Section 15.2. Survival. The obligations of the Company under this Section 15 will survive the payment or transfer of any Note, the enforcement, amendment or waiver of any provision of this Agreement or the Notes, and the termination of this Agreement.

SECTION 16. SURVIVAL OF REPRESENTATIONS AND WARRANTIES; ENTIRE AGREEMENT.

All representations and warranties contained herein shall survive the execution and delivery of this Agreement and the Notes, the purchase or transfer by any Purchaser of any Note or portion thereof or interest therein and the payment of any Note, and may be relied upon by any subsequent holder of a Note, regardless of any investigation made at any time by or on behalf of such Purchaser or any other holder of a Note. All statements contained in any certificate or other instrument delivered by or on behalf of the Company pursuant to this Agreement shall be deemed representations and warranties of the Company under this Agreement. Subject to the preceding sentence, this Agreement and the Notes embody the entire agreement and understanding between each Purchaser and the Company and supersede all prior agreements and understandings relating to the subject matter hereof.

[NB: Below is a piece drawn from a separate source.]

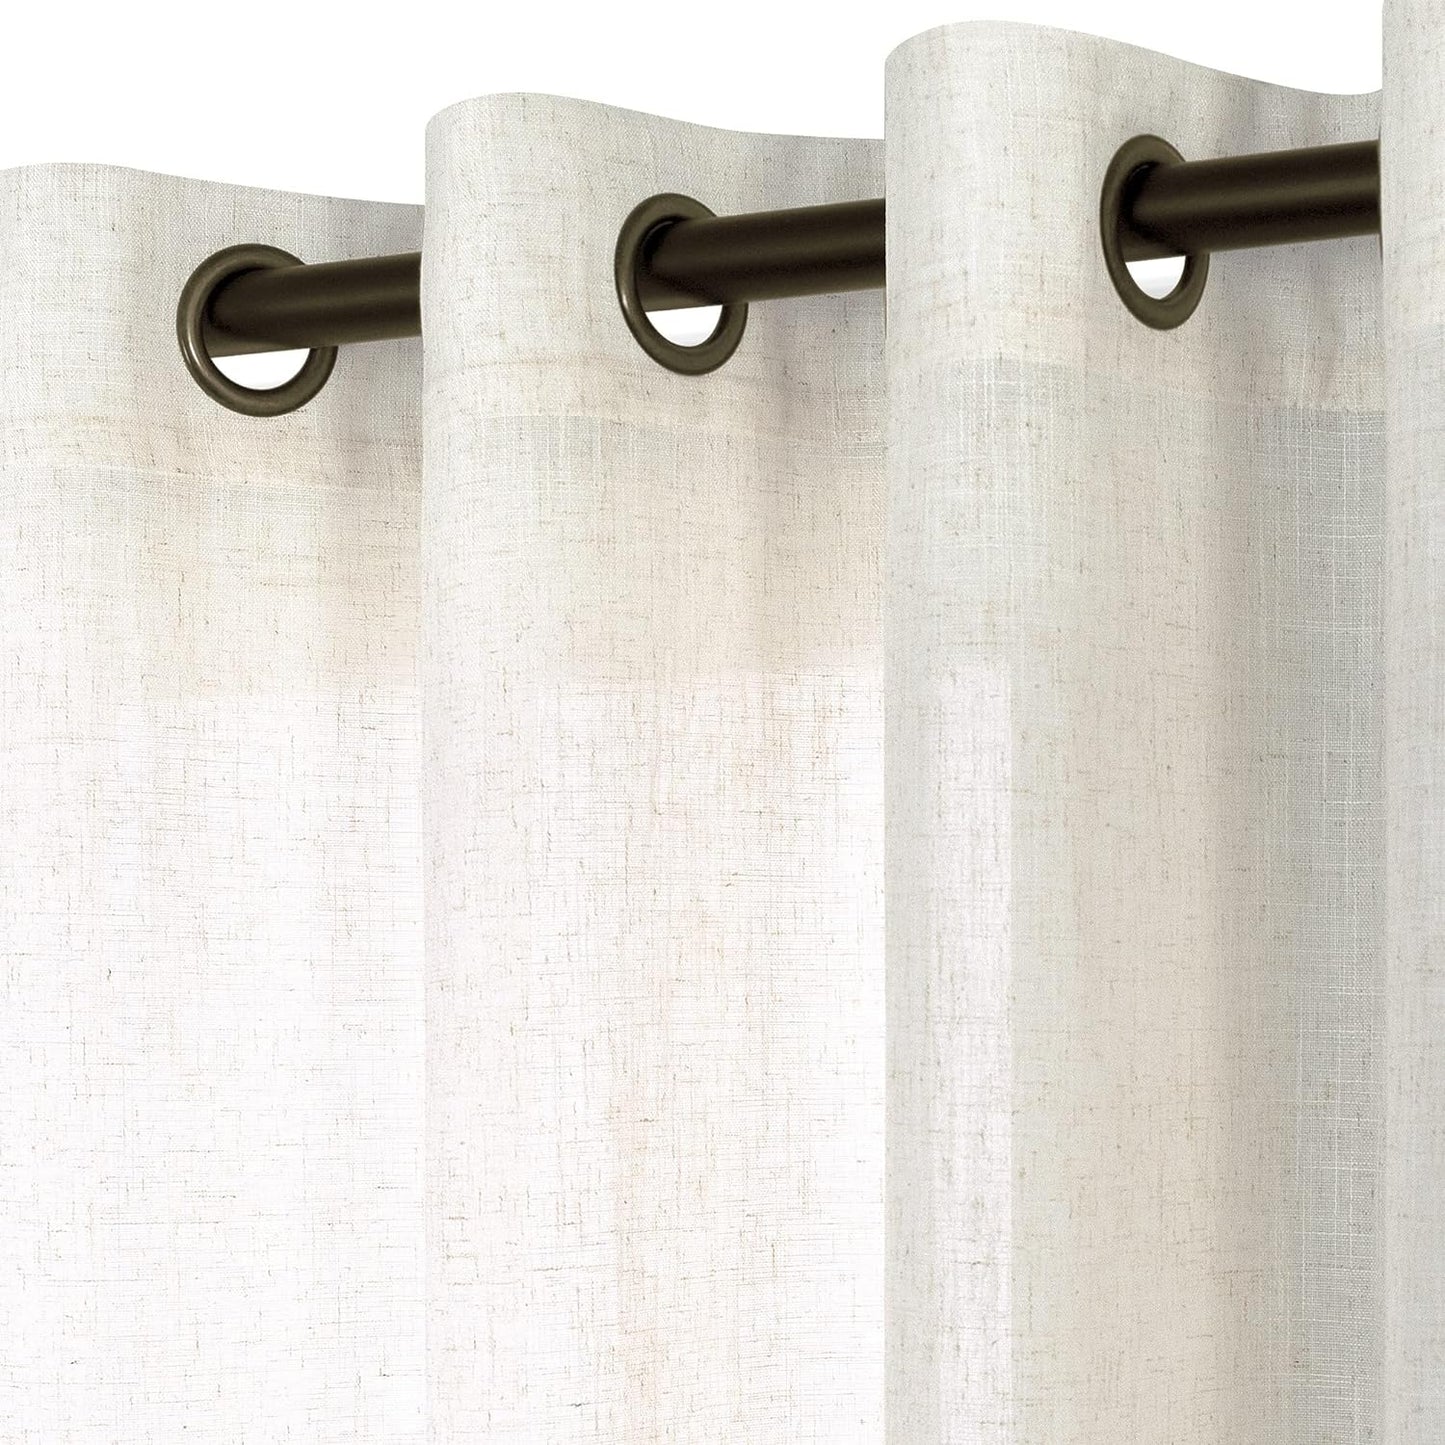 KOUFALL Beige Rustic Country Curtains for Living Room 84 Inches Long Flax Linen Bronze Grommet Tan Sand Color Solid Faux Linen Curtains for Bedroom Sliding Glass Patio Door 2 Panels  KOUFALL TEXTILE Natural 52X86

SECTION 17. AMENDMENT AND WAIVER.

Section 17.1. Requirements. This Agreement and the Notes may be amended, and the observance of any term hereof or of the Notes may be waived (either retroactively or prospectively), with (and only with) the written consent of the Company and the Required Holders, except that (a) no amendment or waiver of any of the provisions of Section 1, 2, 3, 4, 5, 6 or 21 hereof, or any defined term (as it is used therein), will be effective as to any Purchaser unless consented to by such Purchaser in writing, and (b) no such amendment or waiver may, without the written consent of the holder of each Note at the time outstanding affected thereby, (i) subject to the provisions of Section 12 relating to acceleration or rescission, change the amount or time of any prepayment or payment of principal of, or reduce the rate or change the time of payment or method of computation of interest or of the Make-Whole Amount on, the Notes, (ii) change the percentage of the principal amount of the Notes the holders of which are required to consent to any such amendment or waiver, or (iii) amend any of Sections 8, 11(a), 11(b), 12, 17 or 20.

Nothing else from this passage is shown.